Taking the western Eurasian transcriptions together, they differ from Xiōngnú in up to four significant ways:

1. Xiōngnú[5] is a two-syllable word, but Sogdian xwn~γwn, Syriac Hūn, Armenian Hon,[6] and Pahlavi Xyōn have no second syllable, while the second syllable in Greek Ounnoi, and Latin Hunni seems to be simply a case ending;
2. Xiōngnú begins with a velar spirant [x], but Sanskrit Hūṇa, Syriac Hūn, and Armenian Hon have a glottal spirant [h], and Greek Ounnoi has no initial spirant at all;[7]
3. Xiōngnú has a velar nasal [η]; Sanskrit Hūṇa has a retroflex , while the other forms have a dental nasal [n];
4. Xiōngnú has some form of glide or semi-vowel [j] or [i] preceding the main vowel; except for Avestan Ẋyaona and Pahlavi Xyōn, the other western Eurasian variants do not.

I will not belabor here the additional fact that the rounded vowel seems to vary between u and o both within and between the various transcriptions.

Of course, Xiōngnú is only the modern Mandarin pronunciation of the characters 匈奴. Perhaps some or all of these features might be the result of developments in Chinese phonology postdating the time when those characters were first applied to the Xiōngnú.

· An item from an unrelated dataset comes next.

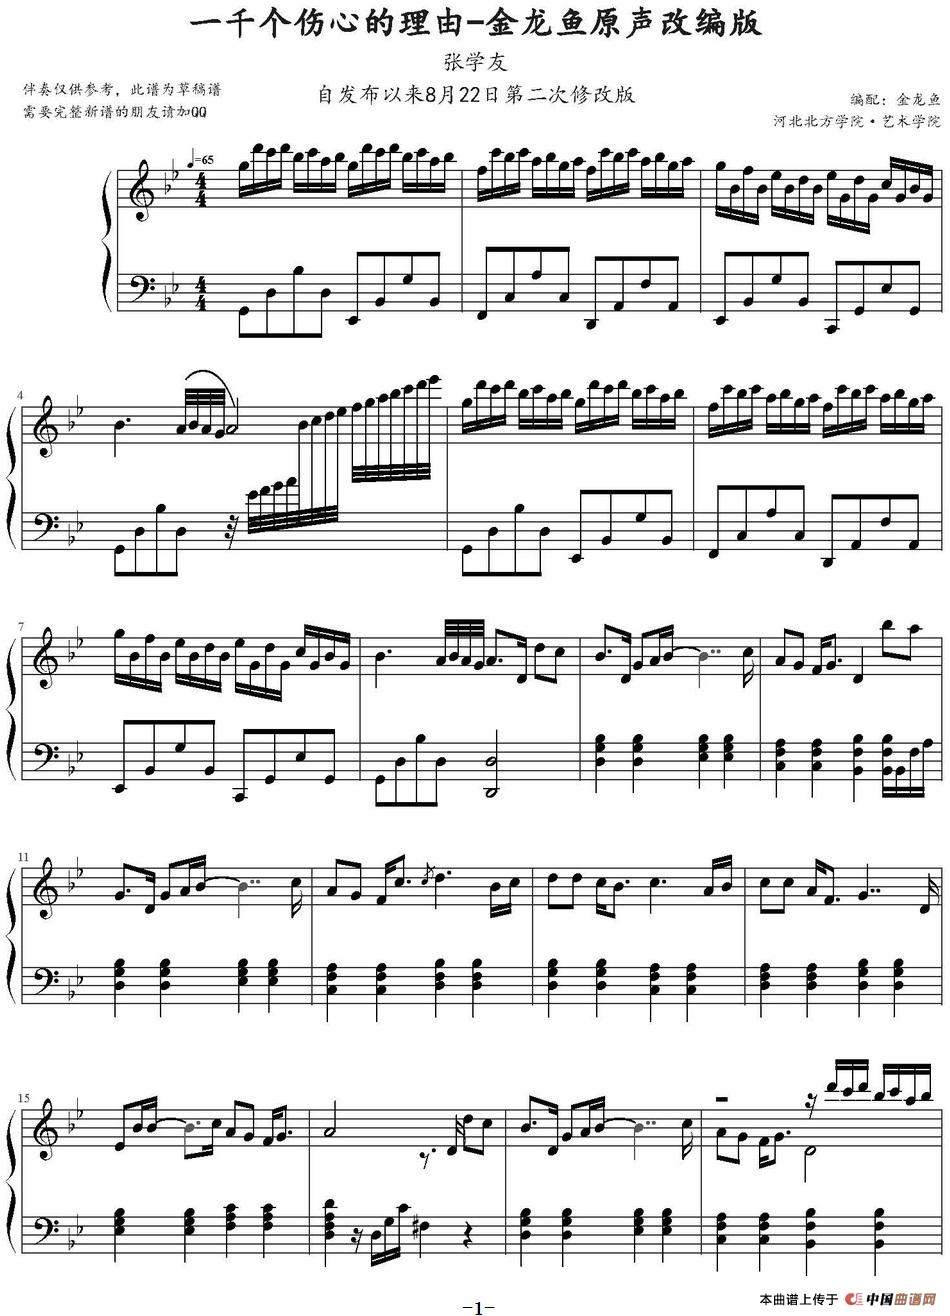 《一千个伤心的理由》钢琴曲谱图分享

In fact, only with the last of the four discrepancies mentioned is this possible. Xiōngnú 匈奴 was pronounced in Early Mandarin (of the Yuan dynasty) as [xjuŋ-nu],[8] in Tang-era Middle Chinese (Northwest dialect) as [xiuŋ-ndu].[9] Older reconstructed pronunciations include Wei-era Middle Chinese of Luoyang as [xuawŋ-nɔ][10] and *huoŋ-no in Old Northwest Chinese, c. A.D. 400.[11] Finally, for the Han era, when the transcription would have been actually coined, Old Chinese (Han or Zhou dynasty) reconstructions include:

*x(r)joŋ-na;[12]
*hioŋ-na < *hoŋ-nâ;[13]
*xoŋ-NA.[14]

As one may see, the speculations of Pulleyblank[15] about an initial consonant cluster in xiōng have mostly not been confirmed by subsequent researchers, although Baxter does posit a possible initial consonant cluster. Three of the four features that differentiate Xiōngnú from Ounnoi —the second syllable, the velar spirant [x], the velar nasal [ŋ] — can be found as far back as one can go. Only the glide, whether [j], [u], or [i], might be a feature of later Chinese phonetic evolution.

It is sometimes thought that the second syllable in the Chinese transcription, , must have been added simply in its meaning as “slave” and hence may be removed from consideration in analyzing the phonetic elements. But this [is] purely arbitrary; no case of xiōng alone is ever attested for this ethnonym in Chinese. Nor is a semantically significant classifier attached to a purely phonetic core transcription; xiōng  and  form a whole phrase, “savage slaves,” and are both simultaneously phonetic and semantic in content.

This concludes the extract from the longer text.